“Escrito está – les
dijo- mi casa será casa de oración; pero ustedes la han convertido en cueva de
ladrones”. (Lucas 19-46).
Por Julio Ricardo Castaño Rueda
Sociedad Mariológica Colombiana
La religión tiene un lastre mercantil cuyo peso es parte del testimonio
andariego del gentío hacia Chiquinquirá. “El bello lienzo milagroso”, como lo
llamó el señor obispo Luis Felipe Sánchez, generó una mina de oro que ni la
Iglesia, ni el Estado ni la ciudad han logrado explotar para el desarrollo
civilizador del santuario. El patrimonio inmaterial de la Nación se quedó entre
los dedos menesterosos de la juerga folclórica.
La muchedumbre se amalgamó sobre los baldosines de la Plaza de la Libertad
para escuchar la misa campal porque el prodigio de la renovación cumplió 433
años. Cada metro cuadrado generó un cliente potencial para los mercachifles que
deseaban deshacerse del inventario de cachivaches. El mercado funcionaba desde
el andén de la carrera décima, frente a la basílica, hacia el occidente.
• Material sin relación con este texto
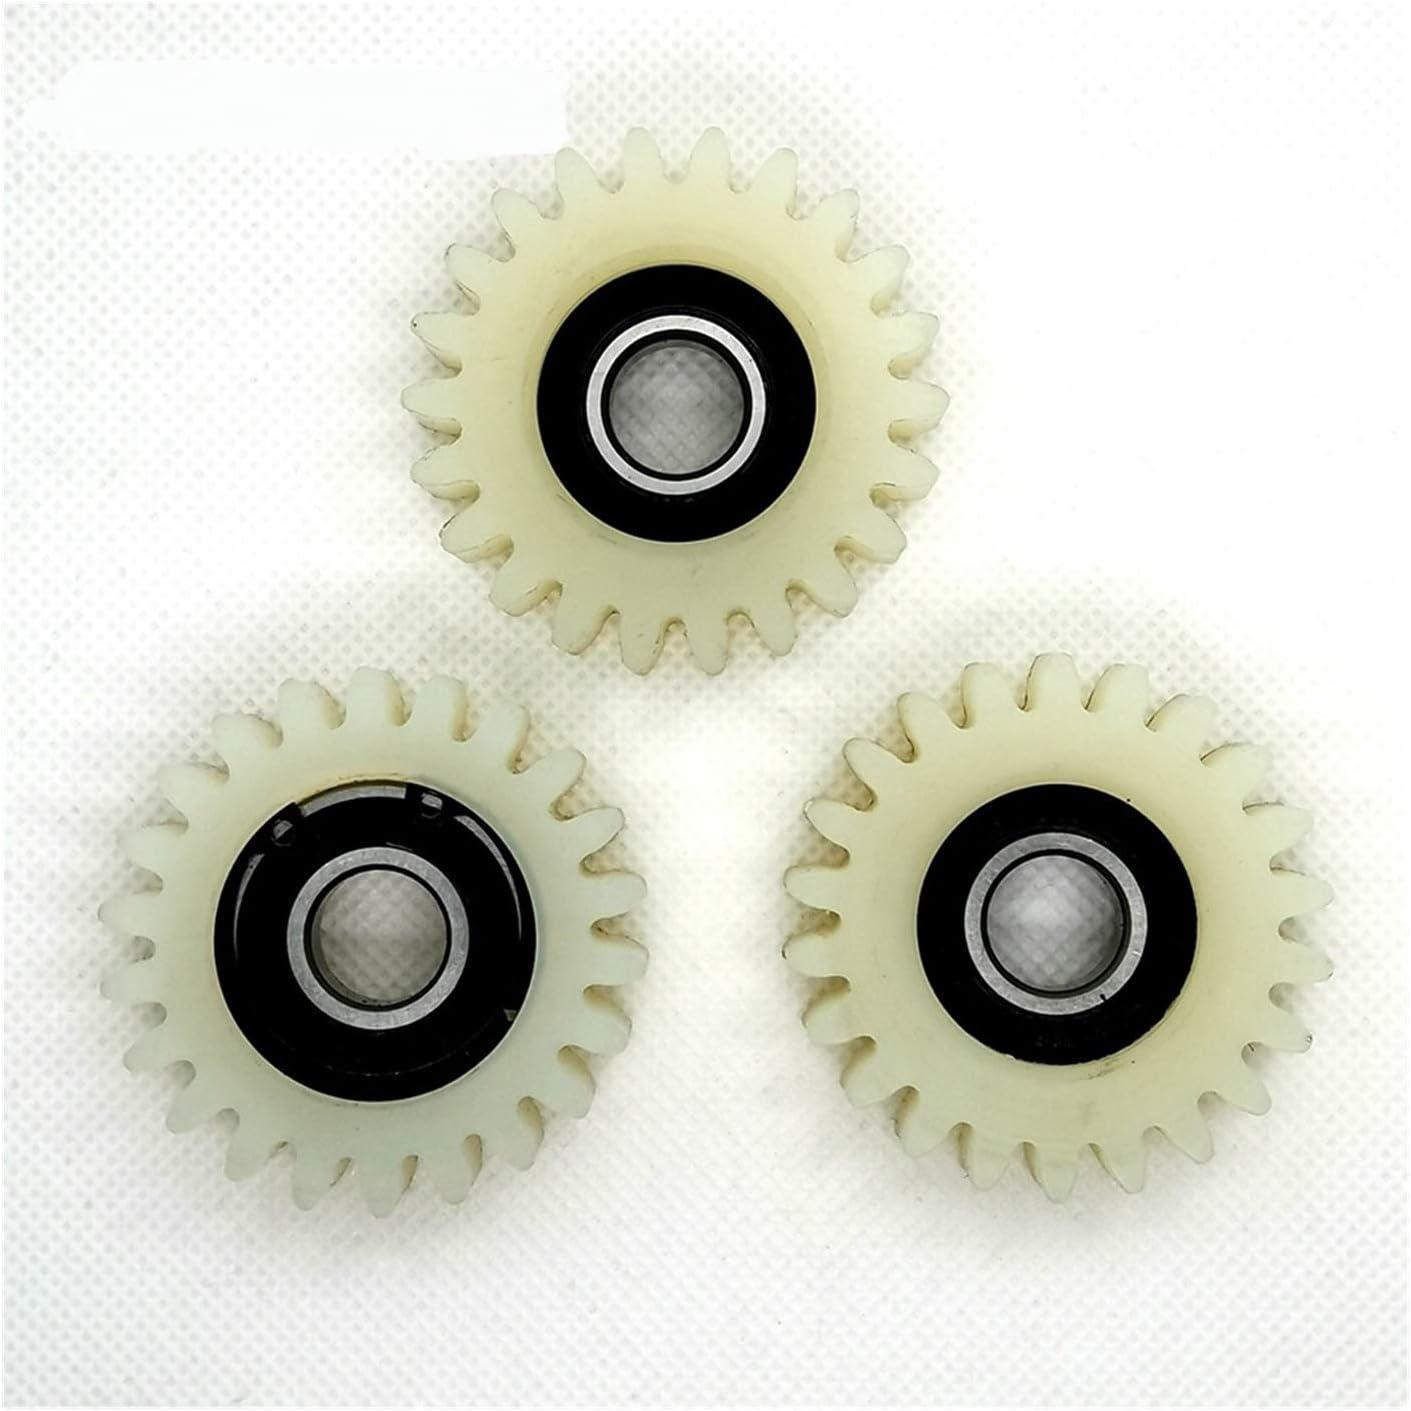 Choice TONGCHAO Tchaogr 3pcs Gears 22 Nylon Teeth Plasitc 48mm Financial sales sale Pinions

Mientras monseñor predicaba sobre el misterio del Dios encarnado, atrás,
entre el gentío circulaba una oferta de artículos que imponían su demanda
prioritaria.
Las butacas de madera se vendían por 15 mil pesos, pero perdían terreno con
las sillas Rimax alquiladas por dos mil pesos. Eso sin contar con la sirvienta
que aún cargaba el taburete del patrón.
Cumplida la formalidad de acomodar el cuerpo para reposar de la fatiga
entraron en escena el hambre y la sed. El maní, el helado y el agua embotellada
satisficieron esos impulsos orgánicos primarios.
El clima impuso sus condiciones en una acción determinante para el alza de
las adquisiciones. El paraguas se usó para defenderse del poco sol decembrino.
La mayoría tuvo el adminículo a la mano para usar en caso de las potenciales
lluvias que preñaban las nubes grises de ese año septenario y centenario de
2019.
La pausa aquietó las carteras por un rato, pero los niños incrementaron el
gasto presupuestal. El algodón de azúcar, con su color rosado pálido, era
devorado por los mordiscos de infantes desasosegados. Ellos reclamaron las
bombas inflables con figuras del ratón Miguelito mientras sonaban los pitos que
trinaban con saliva. La infantil sociedad de consumo se mostró insaciable. La
horda de muchachitos extorsionaba a sus progenitores.
Vendían su silencio
ritual exigiendo más baratijas. Era la octava de Navidad y las pompas de jabón
ofertaban las ilusiones del aquel juego de compras.
Los mayores, adolescentes y abuelos, participaron de la puja. Los
venerables ancianos exigían la pomada de marihuana para la artritis. Los
jóvenes innovadores adquirieron una varilla metálica para enroscarla a su
teléfono móvil. Las selfis certificaban la participación en directo de la ceremonia.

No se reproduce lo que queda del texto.